Dosage/Direction for Use
SC Women w/ anovulation (including PCOS) Individualized dosage. Start w/in initial 7 days of menstrual cycle. Initially 75-150 IU daily, preferably increased by 37.5 or 75 IU at 7 or 14 day intervals. Max: 225 IU daily. Single inj of 5,000-10,000 IU HCG is given 24-48 hr after the last inj when an optimal response is obtained. Women undergoing ovarian stimulation for multiple follicular development prior to in vitro fertilisation or other assisted reproductive technologies Superovulation 150-225 IU commencing on days 2 or 3 of the cycle, continued until adequate follicular development has been achieved. Max: 450 IU daily. Duration: 5-20 days. Single inj of up to 10,000 IU HCG is administered 24-48 hr after the last inj to induce final follicular maturation. Women w/ anovulation resulting from severe LH & FSH deficiency Initially 75 IU of lutropin α daily w/ 75-150 IU FSH. FSH dose may increase after 7-14 day intervals & by 37.5-75 IU increments. Max duration: 5 wk. Single inj of 5,000-10,000 IU HCG is given 24-48 hr after the last FSH & lutropin α inj when an optimal response is obtained. Alternatively, intrauterine insemination (IUI) may be performed.

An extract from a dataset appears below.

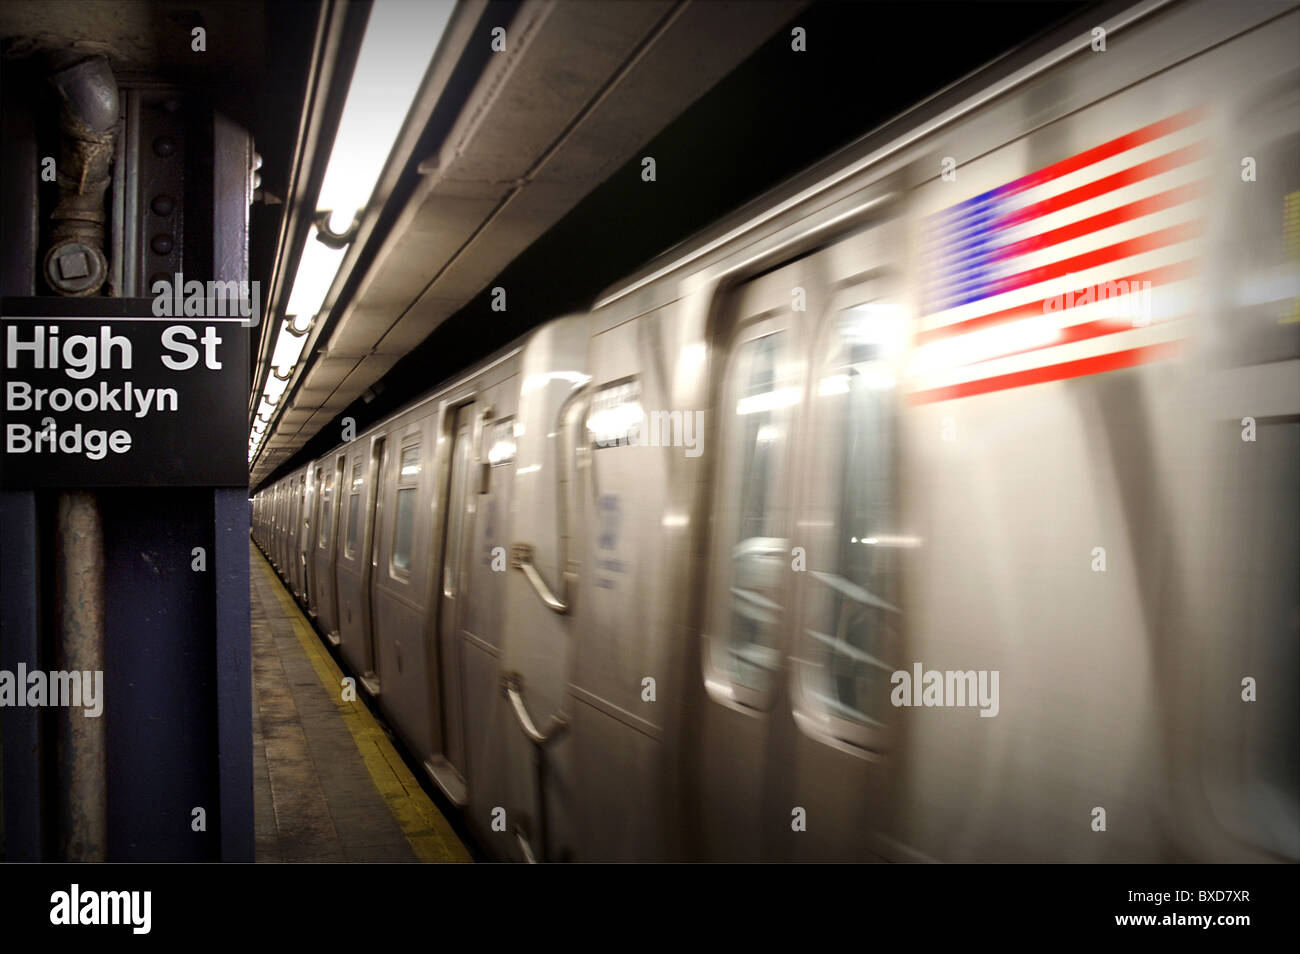 Brooklyn Bridge tube station, New York City - Stock Image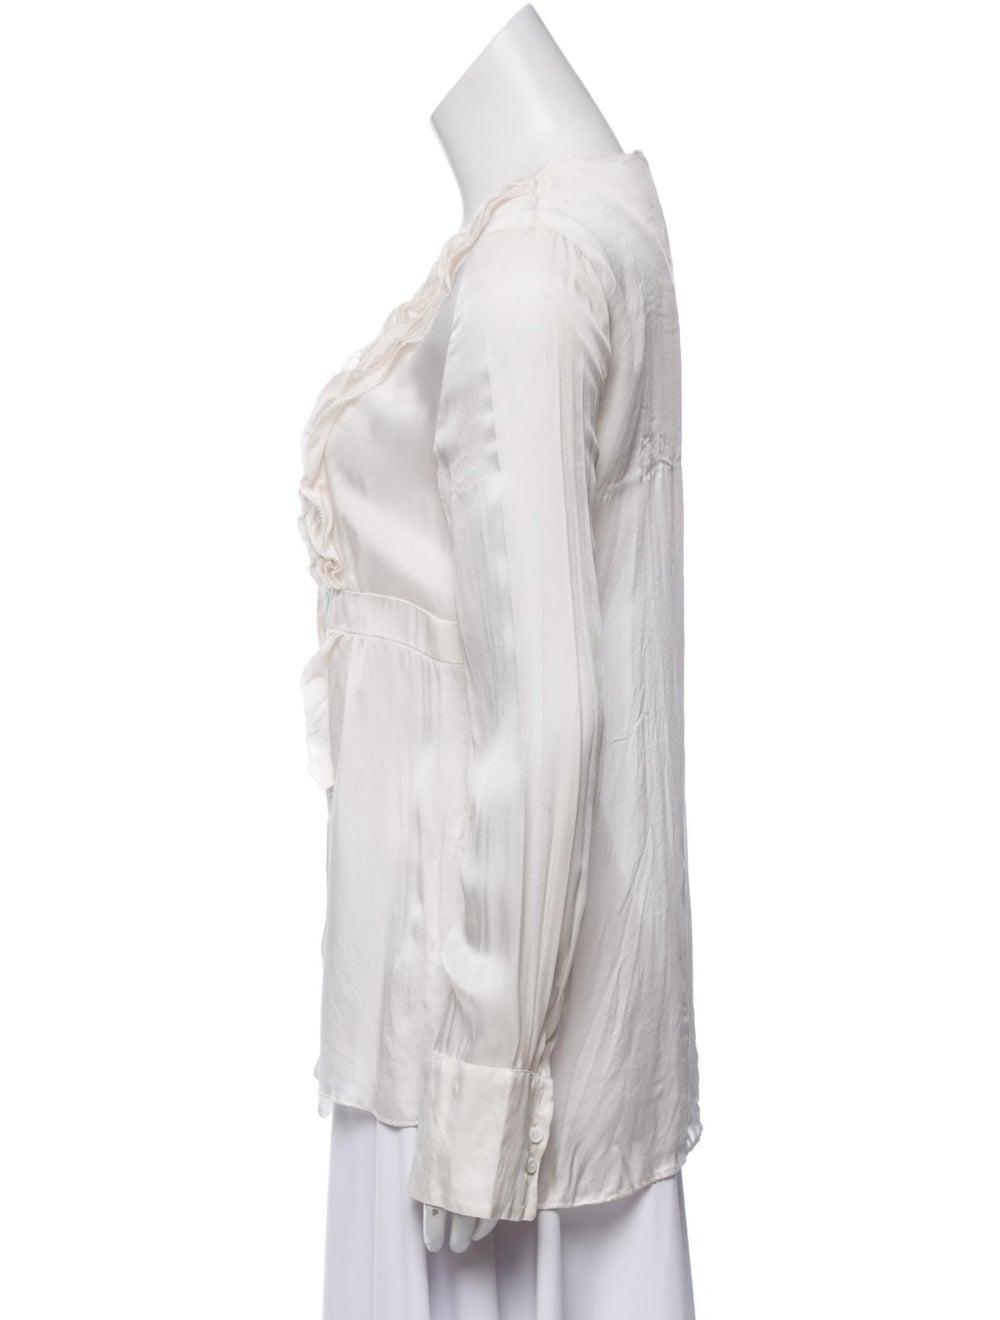 Givenchy Silk Long Sleeve Blouse - image 2

Hypersensitivity. Tumours of the hypothalamus & pituitary gland; ovarian enlargement or cyst not due to PCOS; gynaecological haemorrhages of unknown aetiology; ovarian, uterine or mammary carcinoma. Primary ovarian failure; malformations of sexual organs incompatible w/ pregnancy; fibroid tumours of the uterus incompatible w/ pregnancy.
Special Precautions
Monitoring of ovarian response w/ ultrasound, alone or preferably in combination w/ measurement of serum oestradiol levels on a regular basis. Closely monitor patients w/ porphyria or a family history of porphyria during treatment. Assess couple's infertility & evaluate for hypothyroidism, adrenocortical deficiency, hyperprolactinemia & pituitary/hypothalamic tumors prior to therapy. Patient undergoing stimulation of follicular growth. Increased ovarian sensitivity when administered w/ lutropin α. Withhold hCG & refrain from coitus or use barrier methods for at least 4 days if ovarian hyperstimulation occurs. Discontinue use if severe ovarian hyperstimulation syndrome (OHSS) occurs. Risk of OHSS, multiple pregnancies, pregnancy loss by miscarriage or abortion, ectopic pregnancy, reproductive system neoplasms, congenital malformation & thromboembolic events. Not to be used during pregnancy. Not indicated during breastfeeding.
Adverse Reactions
Ovarian cysts; mild to severe inj site reaction (eg, pain, redness, bruising, swelling &/or irritation at the inj site); headache. Mild to moderate OHSS; abdominal pain & GI symptoms eg, nausea, vomiting, diarrhoea, abdominal cramps & bloating.
Drug Interactions
Not to be administered as a mixt w/ other medicinal products in the same inj except lutropin α or combination of lutropin α & follitropin α. Concomitant use w/ other medicinal products used to stimulate ovulation (eg, HCG, clomiphene citrate) may potentiate the follicular response; gonadotropin hormone-releasing hormone agonist or antagonist may increase the dose needed to elicit an adequate ovarian response.
MIMS Class
Trophic Hormones & Related Synthetic Drugs
ATC Classification
G03GA05 - follitropin alfa ; Belongs to the class of gonadotropins. Used as ovulation stimulants.
Folisan inj 75 IU
(+ 0.5 mL amp (sterile water for inj)) 1's (Rp550,000/boks)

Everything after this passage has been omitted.